Copy out the full listing below as it stands, with its pictures left behind.
══ Information provided ══
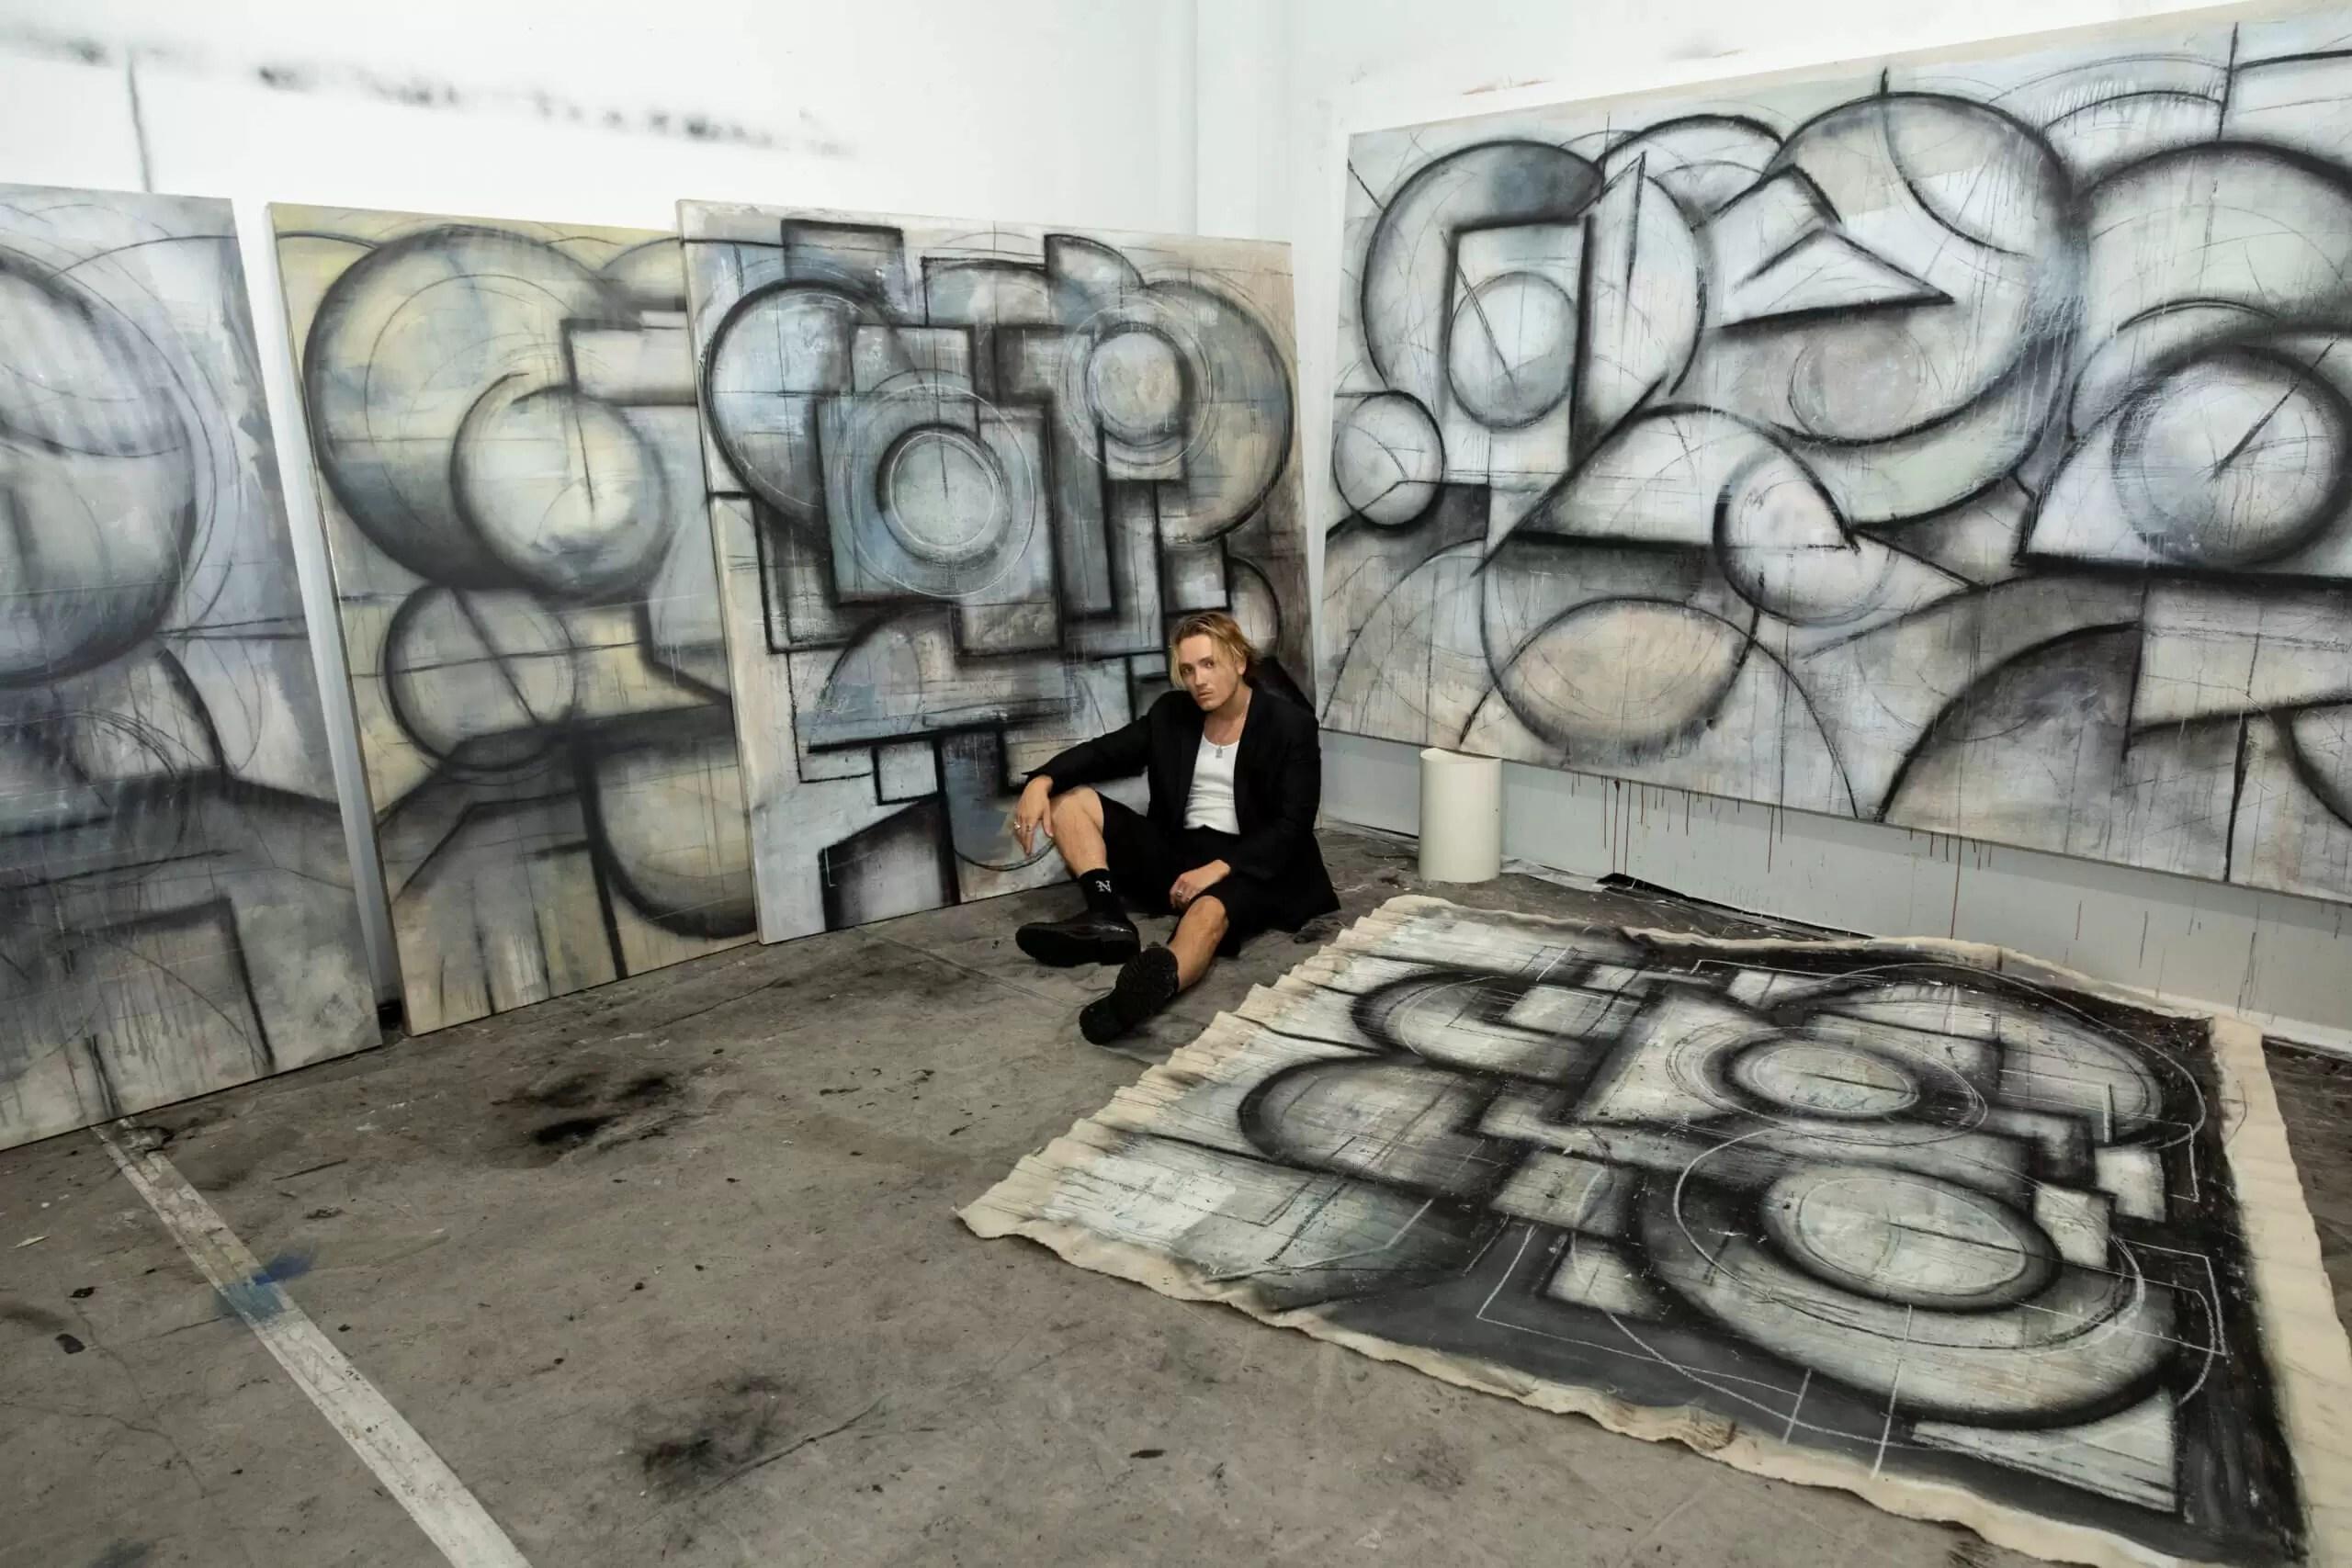 Devon DeJardin Exhibition: Umgestalter (Shifter of Shapes) | Art Plugged
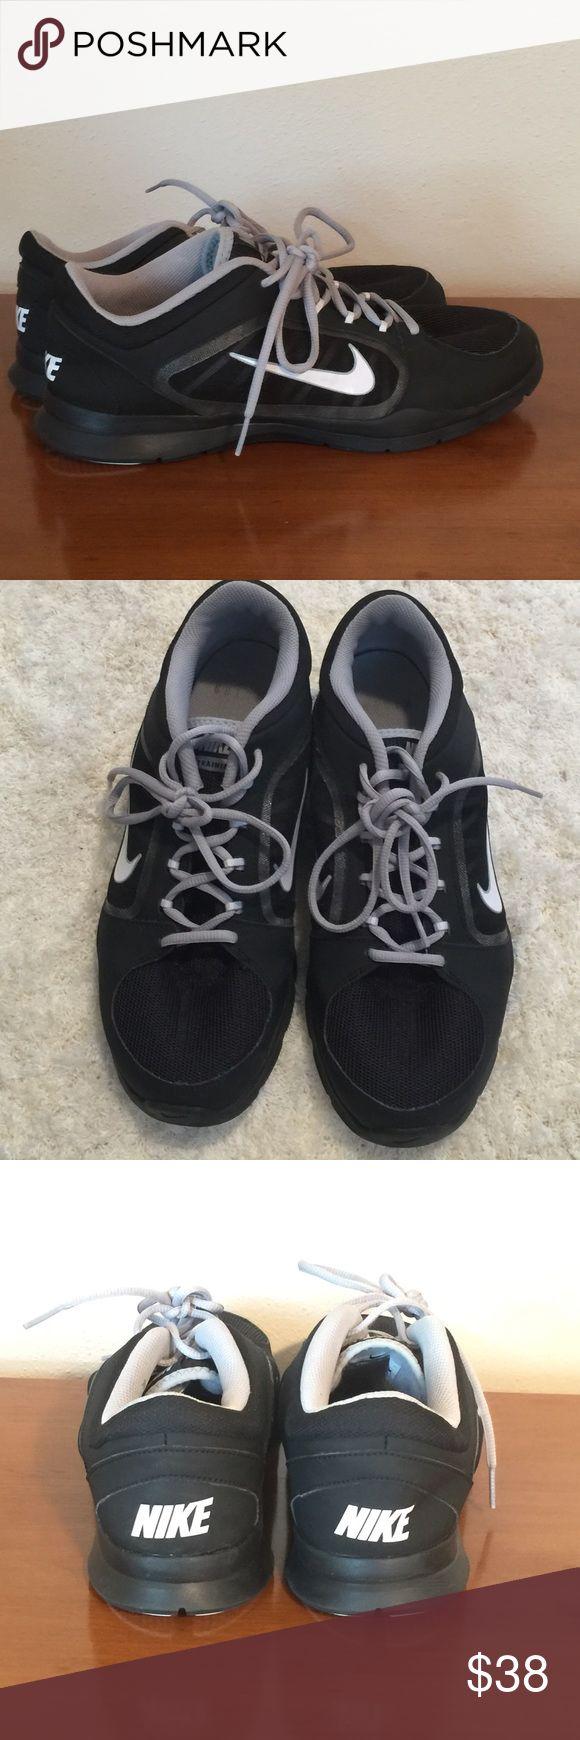 Like new Nike trainers EUC black/ gray/ white 04/08/14 Nike Shoes Athletic Shoes
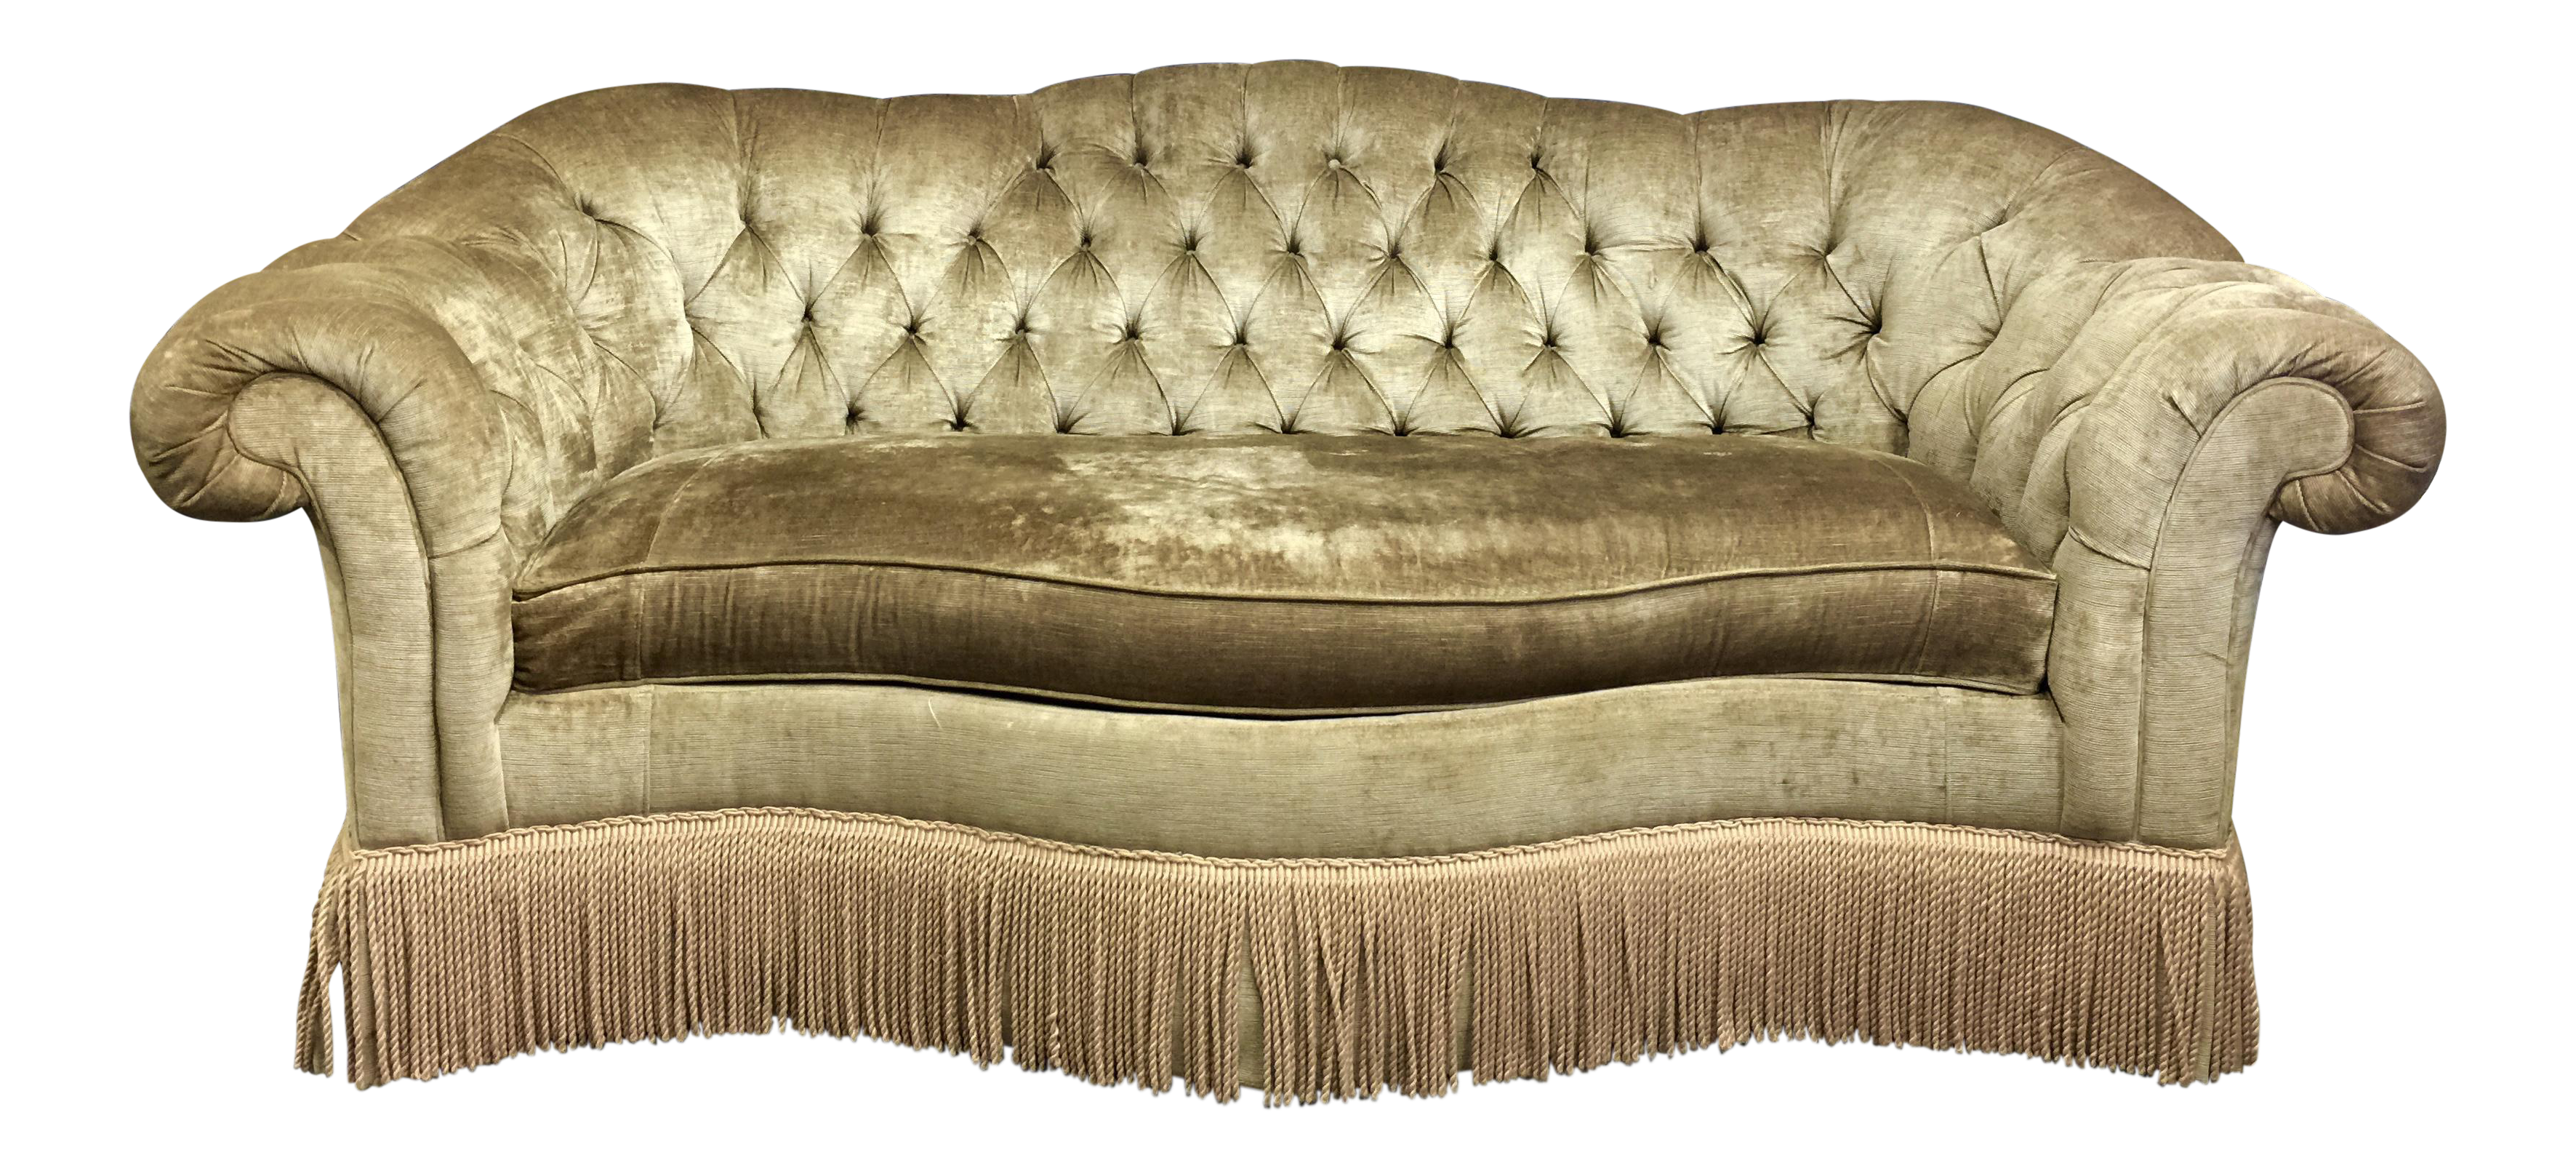 Tufted Velvet Chesterfield Sofa With Fringe By Century
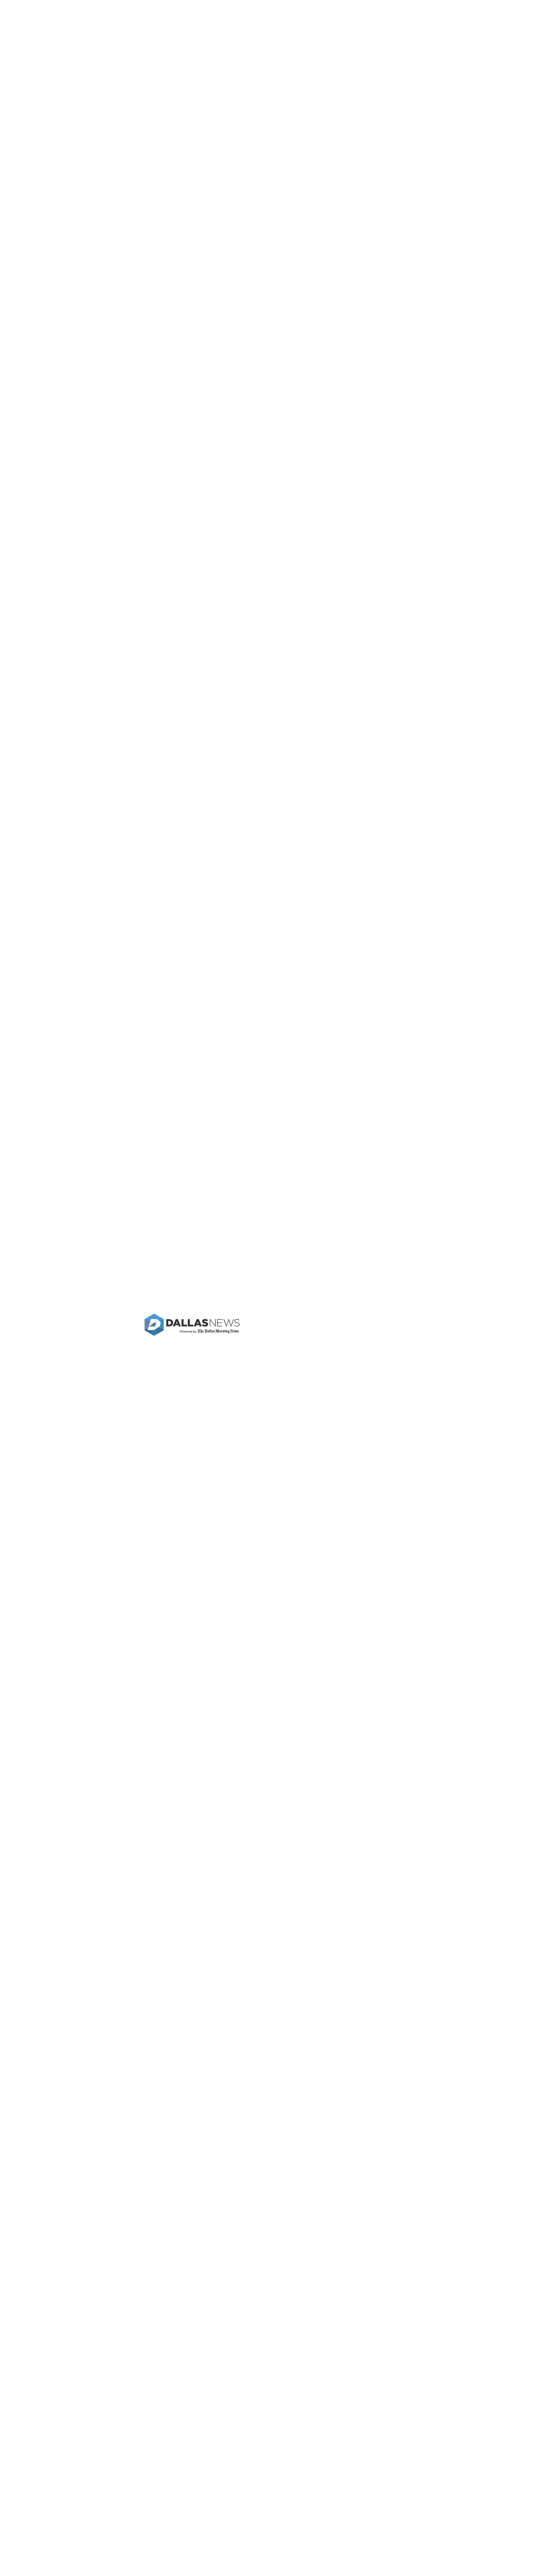 dallasnews.com at Sunday March 11, 2018, 11:03 p.m. UTC
═══
**Task solution:**
 Devon DeJardin Exhibition: Umgestalter (Shifter of Shapes) | Art Plugged
 Like new Nike trainers EUC black/ gray/ white 04/08/14 Nike Shoes Athletic Shoes
 Tufted Velvet Chesterfield Sofa With Fringe By Century
 dallasnews.com at Sunday March 11, 2018, 11:03 p.m. UTC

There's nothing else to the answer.